Any starting point for a new Christian interpretation must accept that much of ‘The New Testament’ is nothing more than a series of forgeries. The four gospels were written not by the apostles Matthew, Mark, Luke and John, but by writers writing after the fall of Jerusalem in AD 70.; when it is highly unlikely that any of the apostles were still alive. Probably this is why the four gospels do not agree on the life of Jesus in particular with the details of the crucifixion. Matthew for instance makes only reference to the crucifixion but not the resurrection. The bible we read today is the creation of the Christian Fathers who selected which religious texts to include in the bible. Rather than dismissing the bible as a simple work of fiction, it should instead be recognised as the way of expressing the truths of religion in the language of its times.
The myths that populate ‘The New Testament’ must be seen as Karl Jaspers explains as the only possible way of expressing difficult religious truths. God is essentially unknowable, yet we must have some means of expressing our knowledge of God.
The supernatural should not be taken to mean that there is some religious super being who has powers beyond human comprehension; but simply a being who exists beyond or outside the natural world of human understanding. I accept the truth of Jesus’s miracles not as true stories, but as a person of the 1st century AD struggling to explain the concept ‘Godness’. We all know what the word God means, but struggle to explain it. The religious myths of The New Testament give expression to our sense of what God is and what it means to be God. Christ did not walk on water but he was unique and different from other men. How else could a religious writer explain this difference from other men except by granting Christ miraculous powers?
Negative theologians can be mocked for worshipping an unknown God. Bertrand Russell long ago mocked Christians for believing in an unknowable, invisible God, as he in his experience was unlikely ever to come across such an being. However our answer is that God makes his presence felt amongst us, he pushes himself into our existence and it is this presence that we can know, so this unknowable God can be known.

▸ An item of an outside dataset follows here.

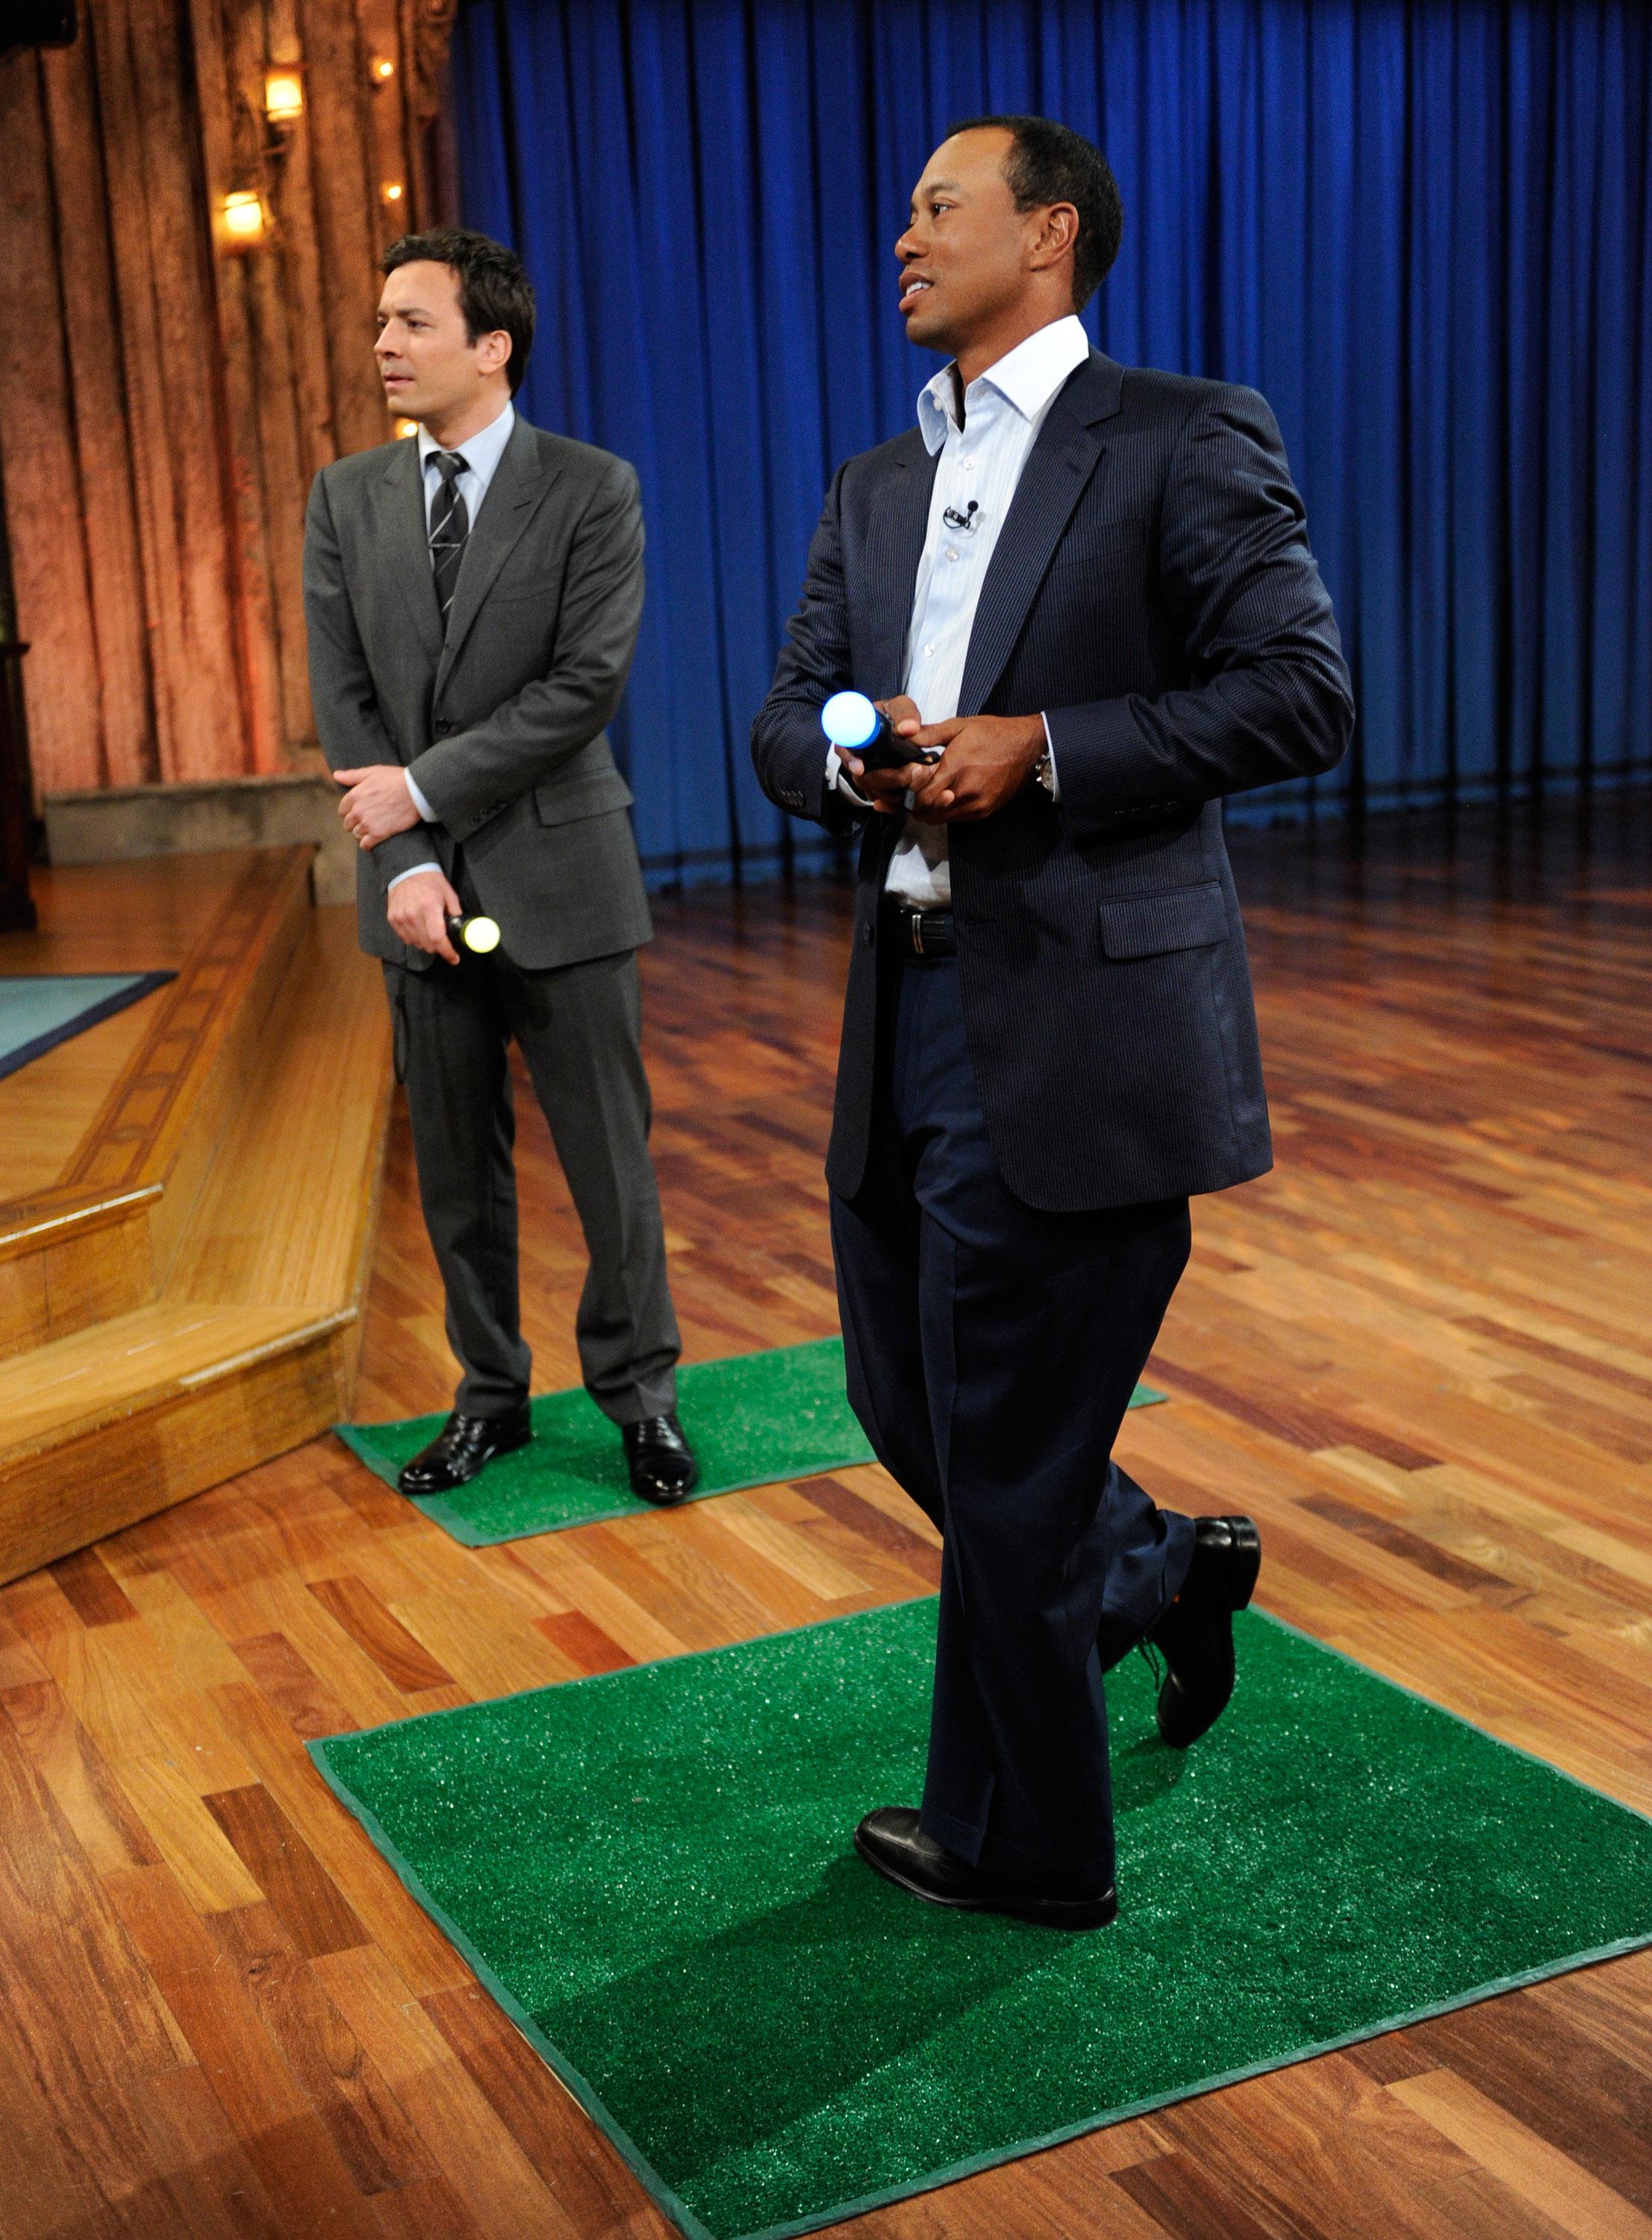 Celebrities Visit 'Late Night With Jimmy Fallon' - March 16, 2011
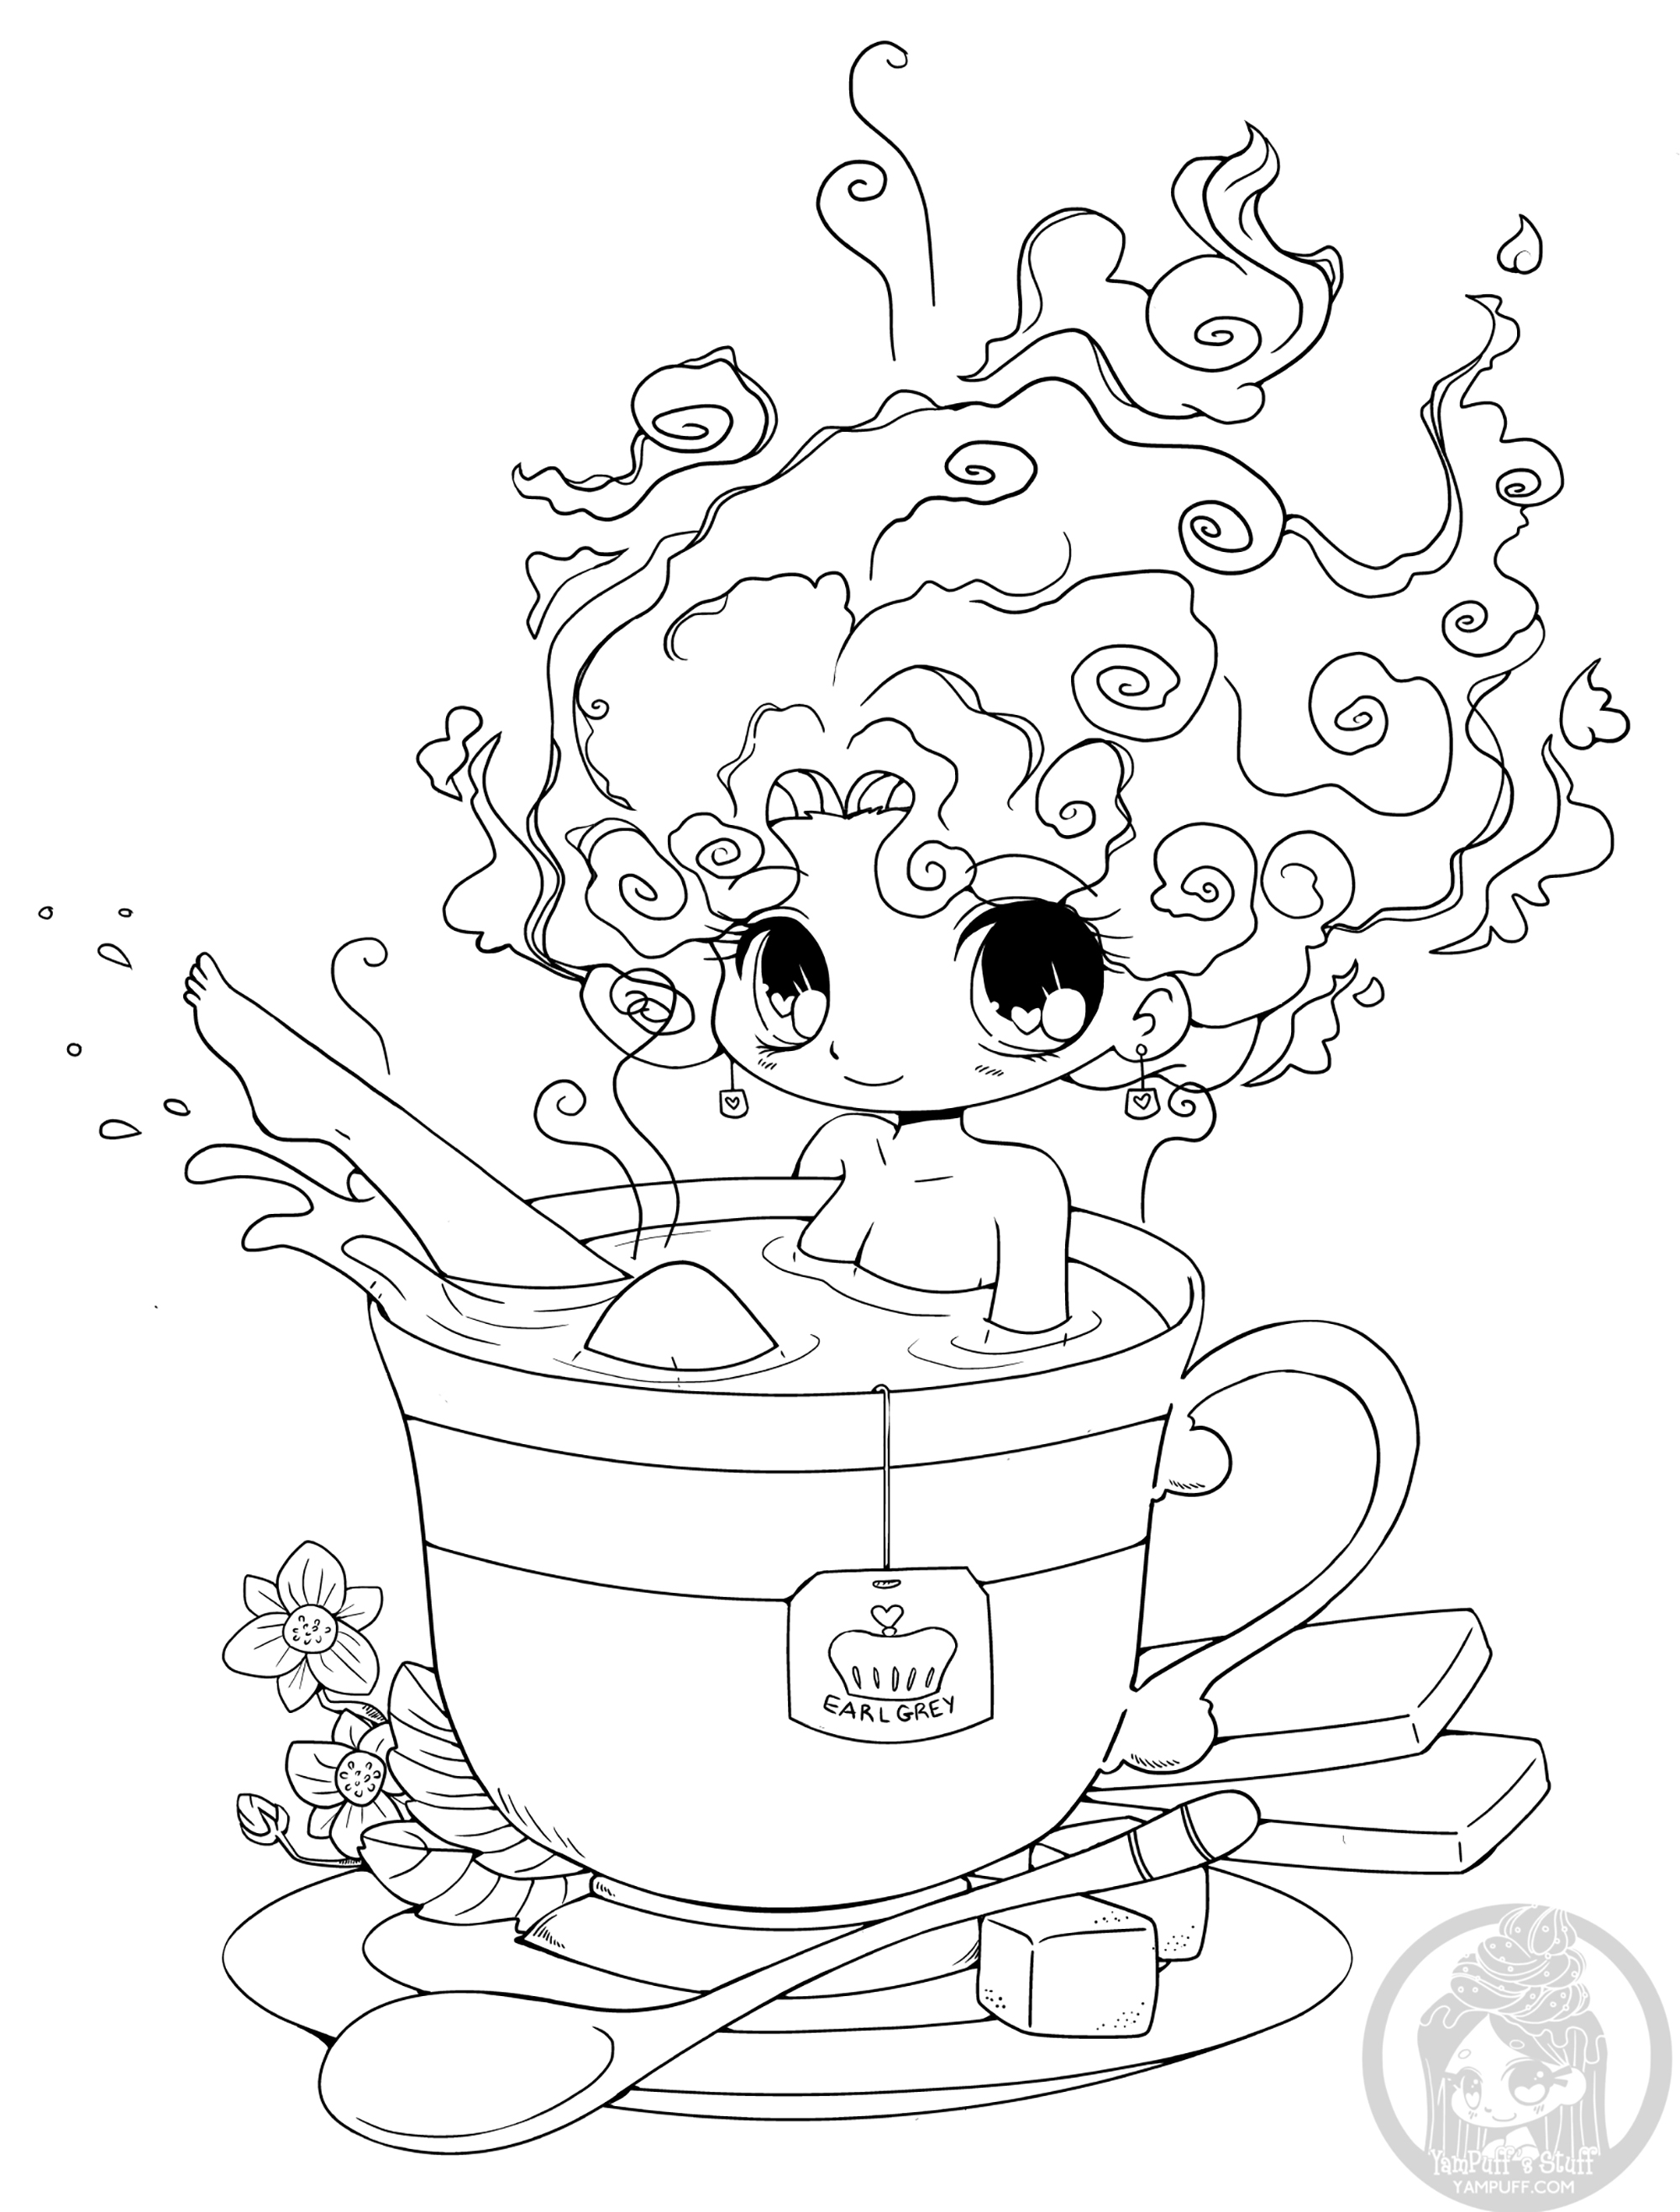 Tea girl - Return to childhood Adult Coloring Pages

This I can express through my understanding of the concept good. Everybody knows what good means yet they cannot explain it except through describing good actions. Visiting and comforting an ill house bound neighbour is good, we can describe the good action, but not the essence of goodness. God for me is the essence of what we understand by good, Good is God’s presence within society. A presence which gives the meaning to our moral actions. I am what is more correctly termed a Neo-Platonist; yet I believe than people such as me are part of the Christian consensus.
What is needed is a new set of myths for a contemporary Christianity. How can an ethical language forged in the early centuries AD combat the contemporary social Darwinism of the new economics? A language that is completely at odds with the culture of our times. Even the simplest and dumbest of parliamentarians can understand the simple truths of Neo-Liberal economics. What is needed is a new set of contemporary myths that can counter this ideology, yet simple enough for even the least bright MP to understand.